Template everything: Branded label sheets, report shells, meeting notes—consistent and fast.
Excel fluency: Pivot tables, conditional formatting, data validation, and lookup functions. Reduce manual edits.
Automate: Record macros for repetitive tasks. Keep a shared macro workbook for the team.
Collaborate in real time: Co-author documents, track changes clearly, and use Teams/SharePoint for version control.
OneDrive discipline: Logical folder structures, naming conventions, and shared permissions that make sense.
Stay current: Update regularly; new features often replace clunky workarounds.
How to Display Microsoft Office Skills on Your Resume

11. Social Media Platforms
Social platforms extend the gallery beyond the gallery. Bite-sized stories, behind-the-scenes glimpses, and community voices amplify reach and relevance.
Why It's Important
Audiences discover, discuss, and decide online. A thoughtful presence drives visits, learning, and support.
How to Improve Social Media Platforms Skills
Strategy first: Define audiences, goals, and tone. Pick platforms that match—don’t post everywhere by default.
Editorial rhythm: Build a content calendar with series (spotlights, staff picks, process videos). Mix formats: short video, carousels, stills, live Q&A.
Accessibility: Alt text, captions, descriptive hashtags, and high-contrast visuals. Inclusion grows reach.

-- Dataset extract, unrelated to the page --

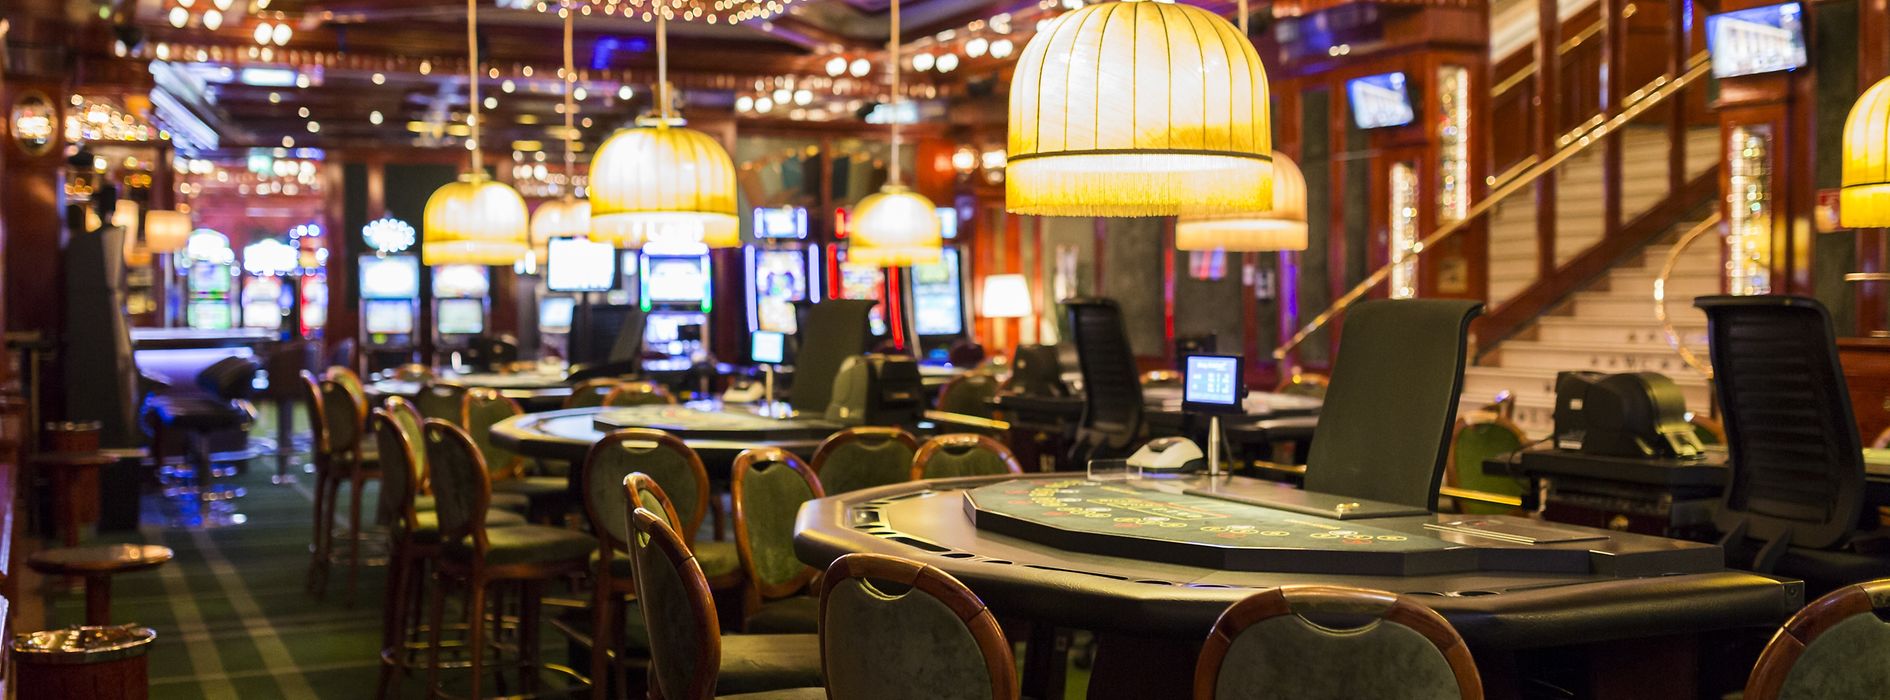 Ein einfacher Plan für legale Online Casinos

Community care: Respond fast, set conduct guidelines, and highlight follower contributions. Feature artists and partners.
Measure what matters: Track saves, shares, click-throughs, and conversion to memberships or ticketing. Adjust content accordingly.
Workflow tools: Use schedulers, asset libraries, and style guides. Protect accounts with multi-factor authentication.
How to Display Social Media Platforms Skills on Your Resume

12. Grant Writing
Grant writing turns vision into a fundable plan. Clarity, alignment, and proof of impact carry the day.
Why It's Important
External funding widens what’s possible—exhibitions, conservation, digitization, and programs that would otherwise stall.
How to Improve Grant Writing Skills
Matchmaker mindset: Research funder priorities and past awards. Only pursue strong fits.
Sharp problem statement: Define the need with evidence and context. Why now, and why you.
Specific objectives: Make them measurable and time-bound. Tie activities to outputs and outcomes with a clear logic chain.
Sound budget: Align costs with work. Include indirects, staffing, evaluation, accessibility, and sustainability.
Evaluation plan: Methods, metrics, timelines, and responsibility. Show how you’ll learn and report back.
Proof and polish: Peer review, compliance checks, and clean attachments. Reuse strong boilerplate but tailor every narrative.
Steady pipeline: Track deadlines, submit early, and debrief losses. Each attempt strengthens the next.